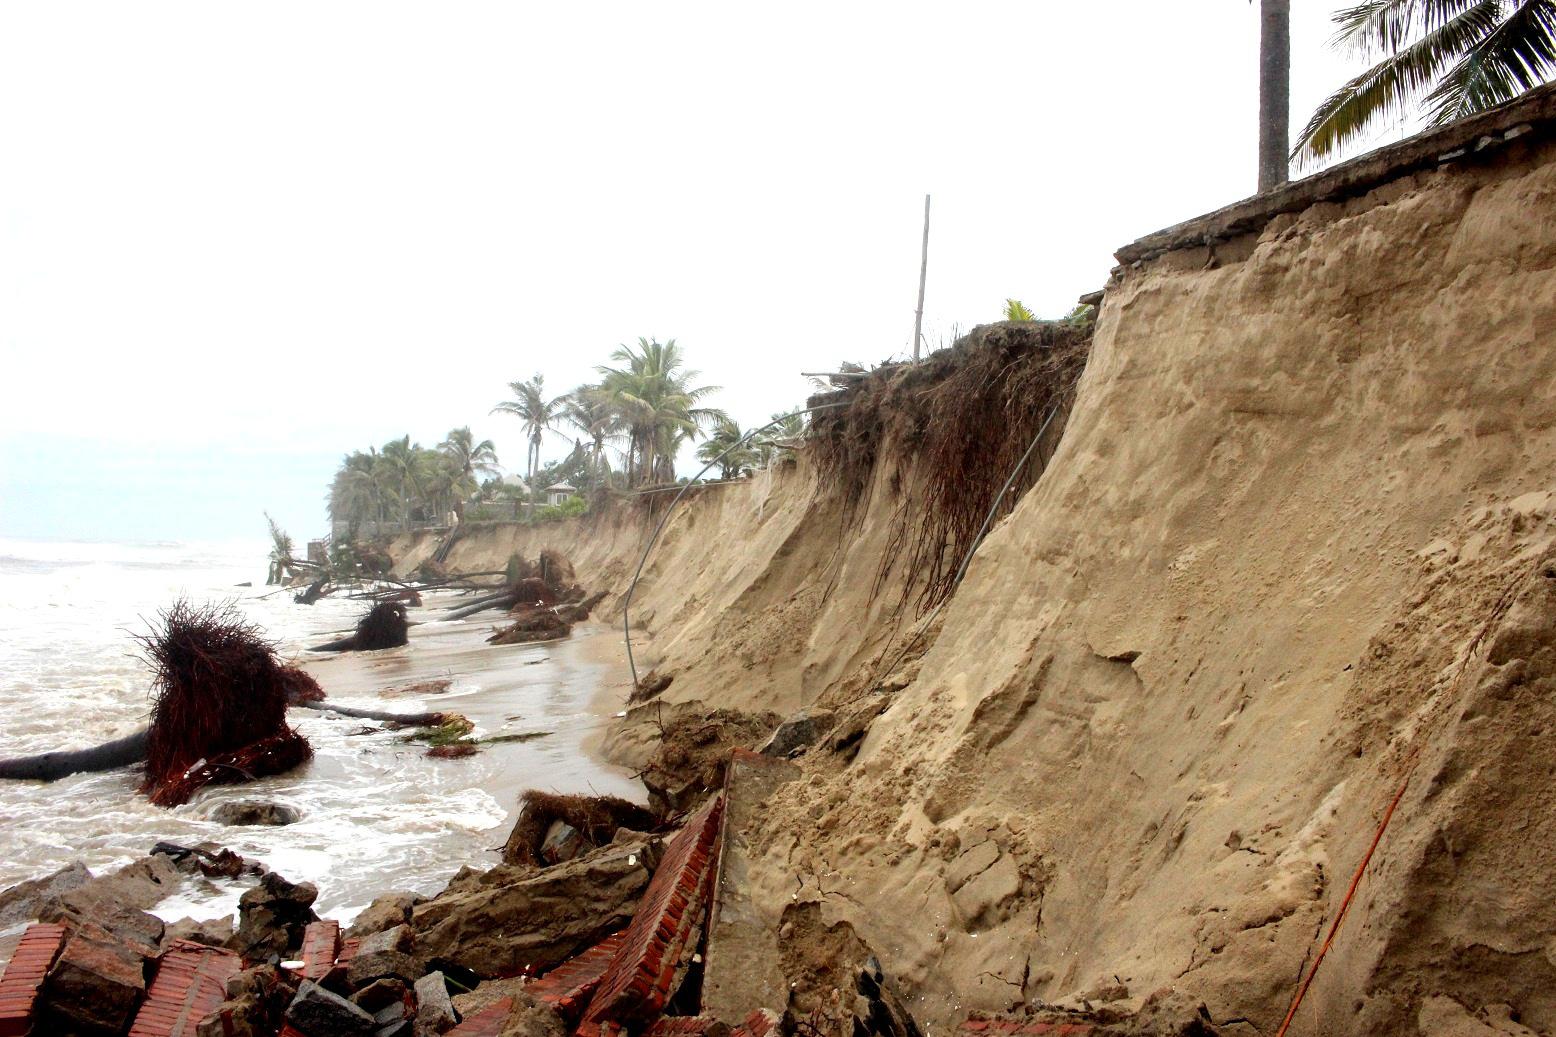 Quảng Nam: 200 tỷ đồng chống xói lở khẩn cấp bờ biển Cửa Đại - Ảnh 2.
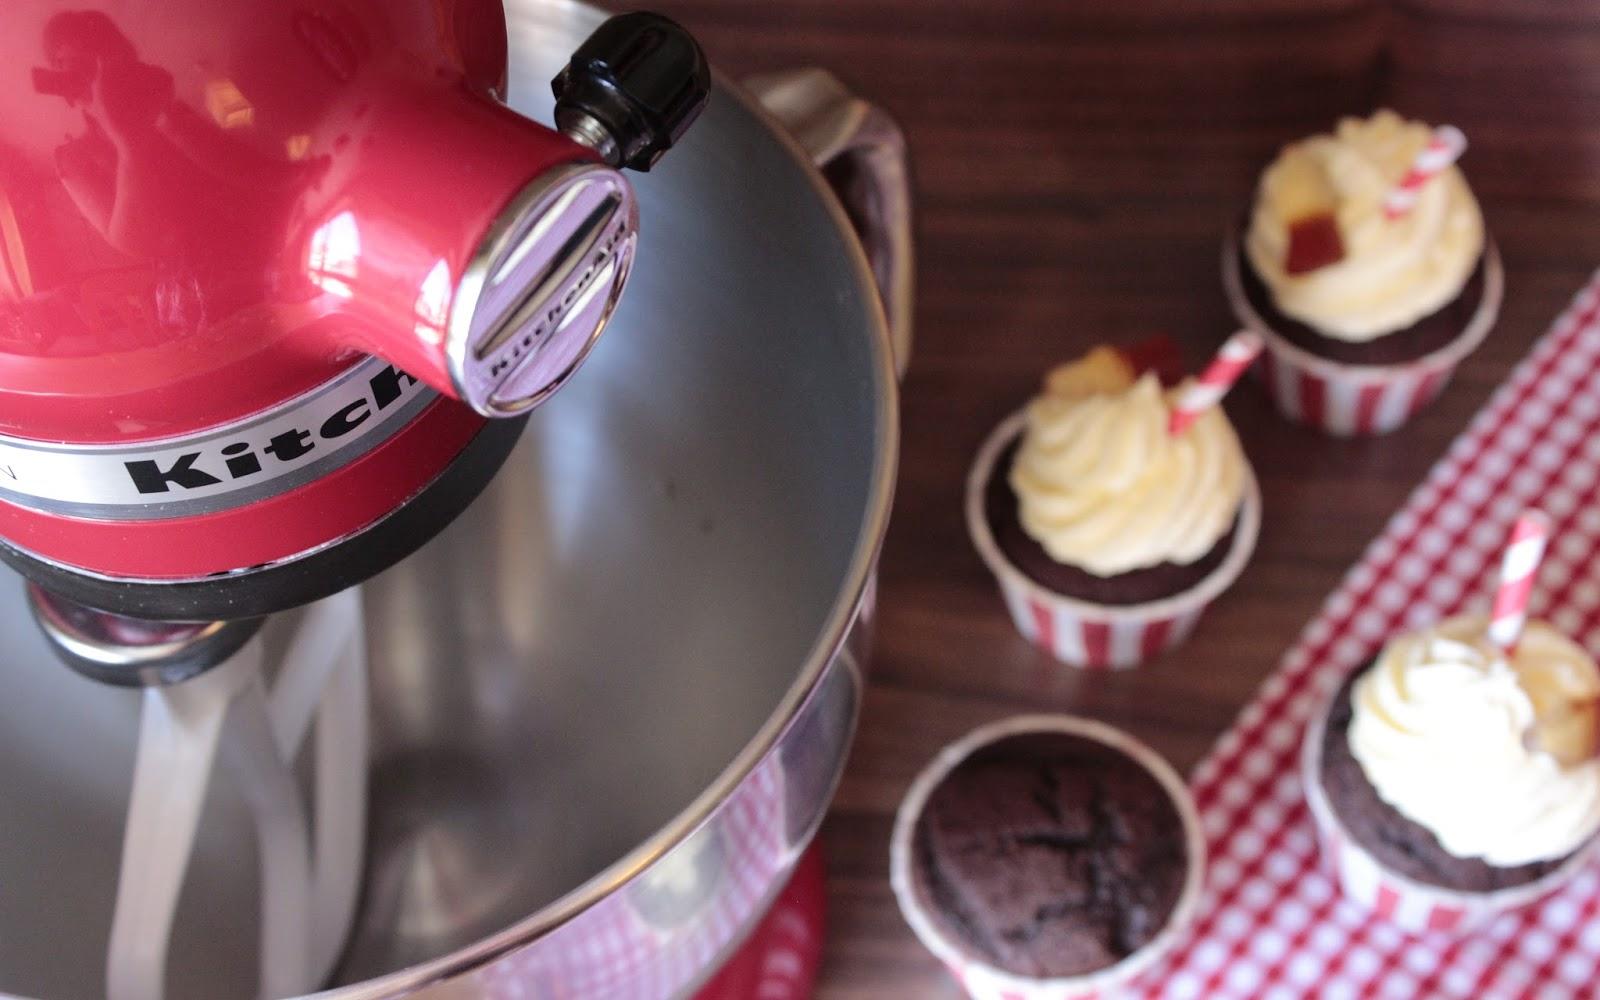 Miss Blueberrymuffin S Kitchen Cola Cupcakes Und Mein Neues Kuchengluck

+++++

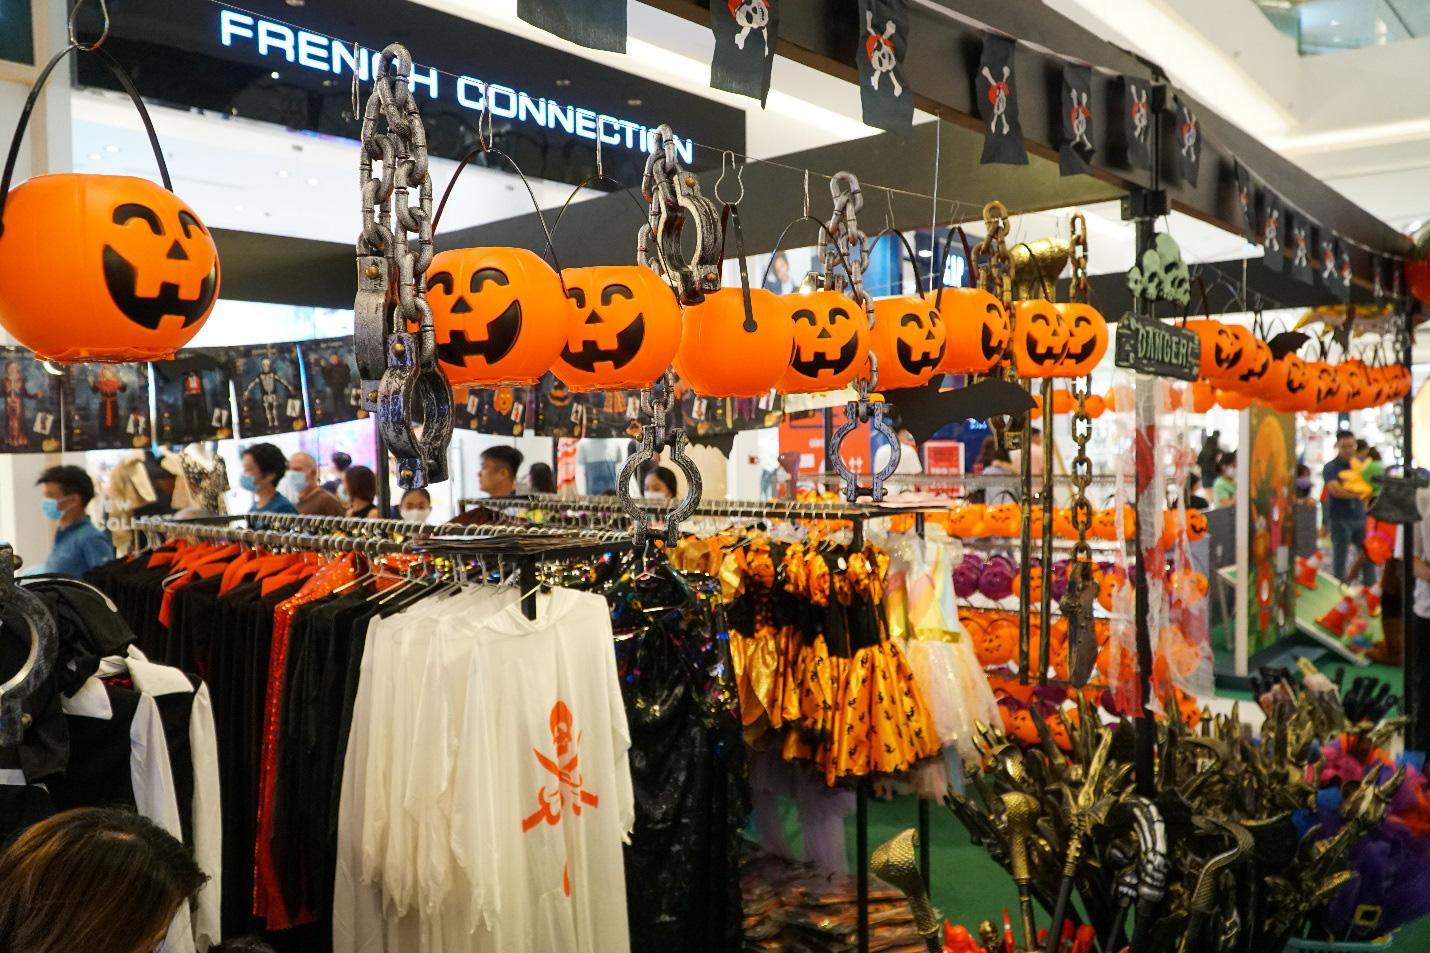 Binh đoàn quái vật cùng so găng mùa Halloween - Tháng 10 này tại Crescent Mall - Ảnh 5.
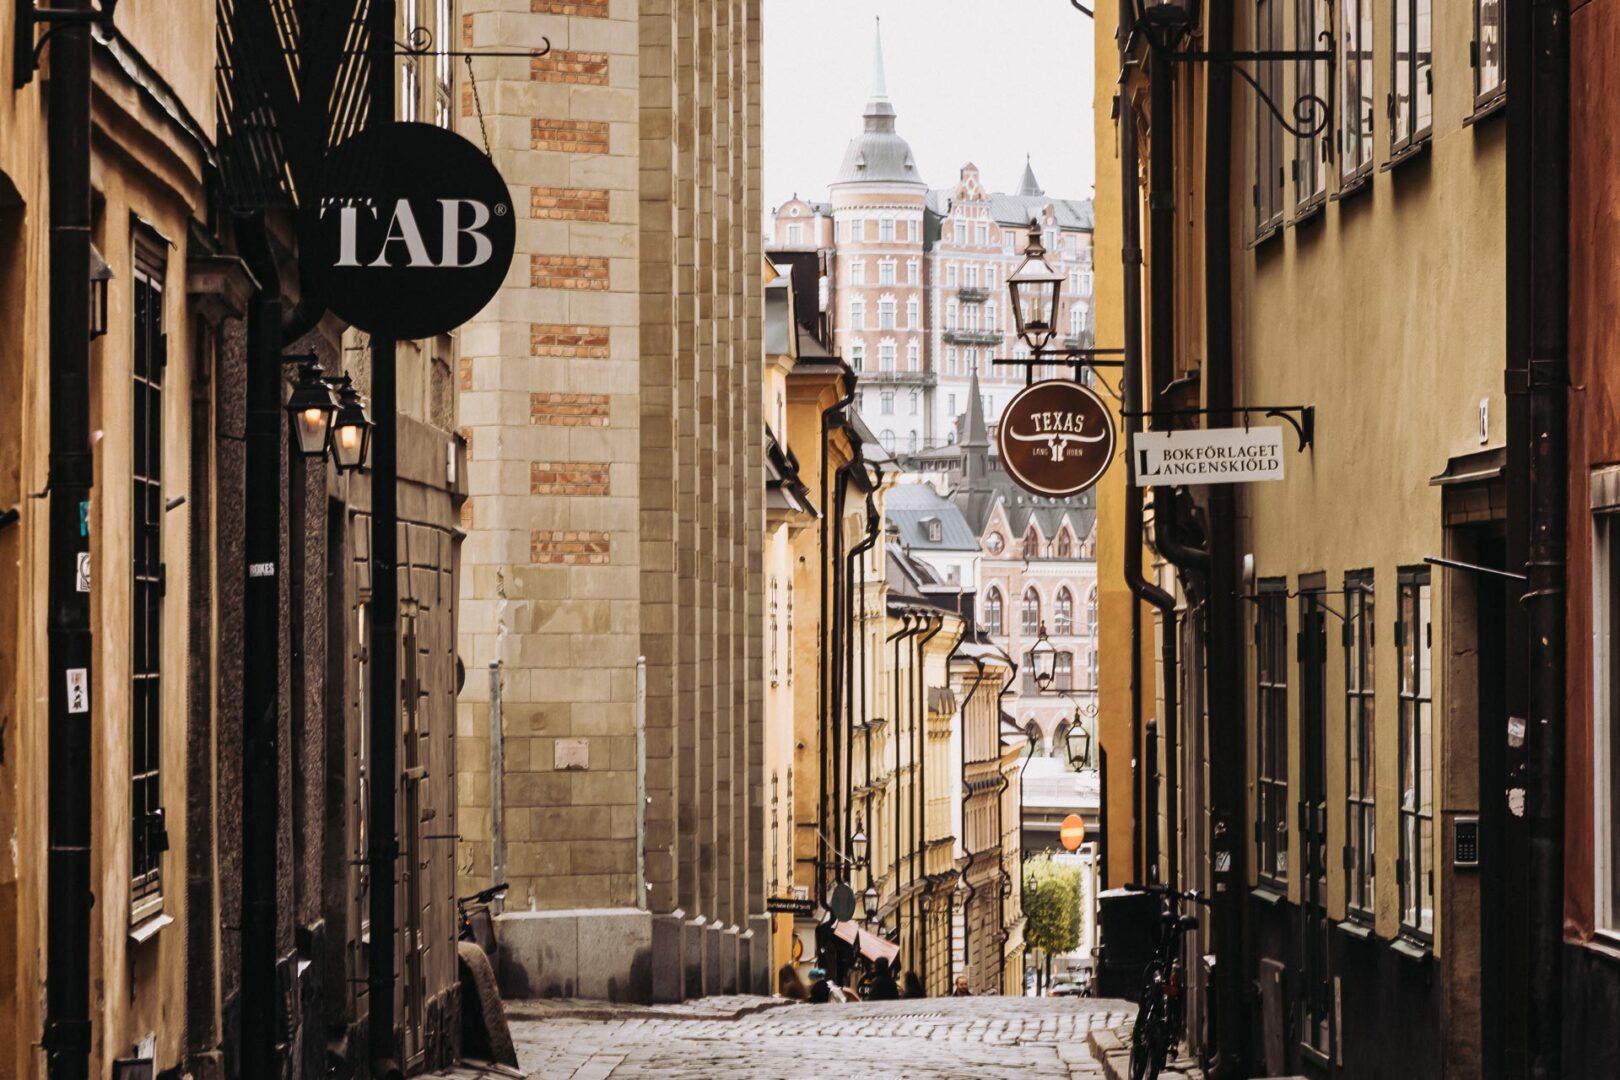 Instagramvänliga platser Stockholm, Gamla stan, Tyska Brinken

+++++

YOUR GOAL | Reproduce exactly the lines above that run from the one with "Quảng Nam: 200" to the one with "Miss Blueberrymuffin S", both included, leaving pictures out.

SOLUTION TO THE EXERCISE |
 Quảng Nam: 200 tỷ đồng chống xói lở khẩn cấp bờ biển Cửa Đại - Ảnh 2.
 Miss Blueberrymuffin S Kitchen Cola Cupcakes Und Mein Neues Kuchengluck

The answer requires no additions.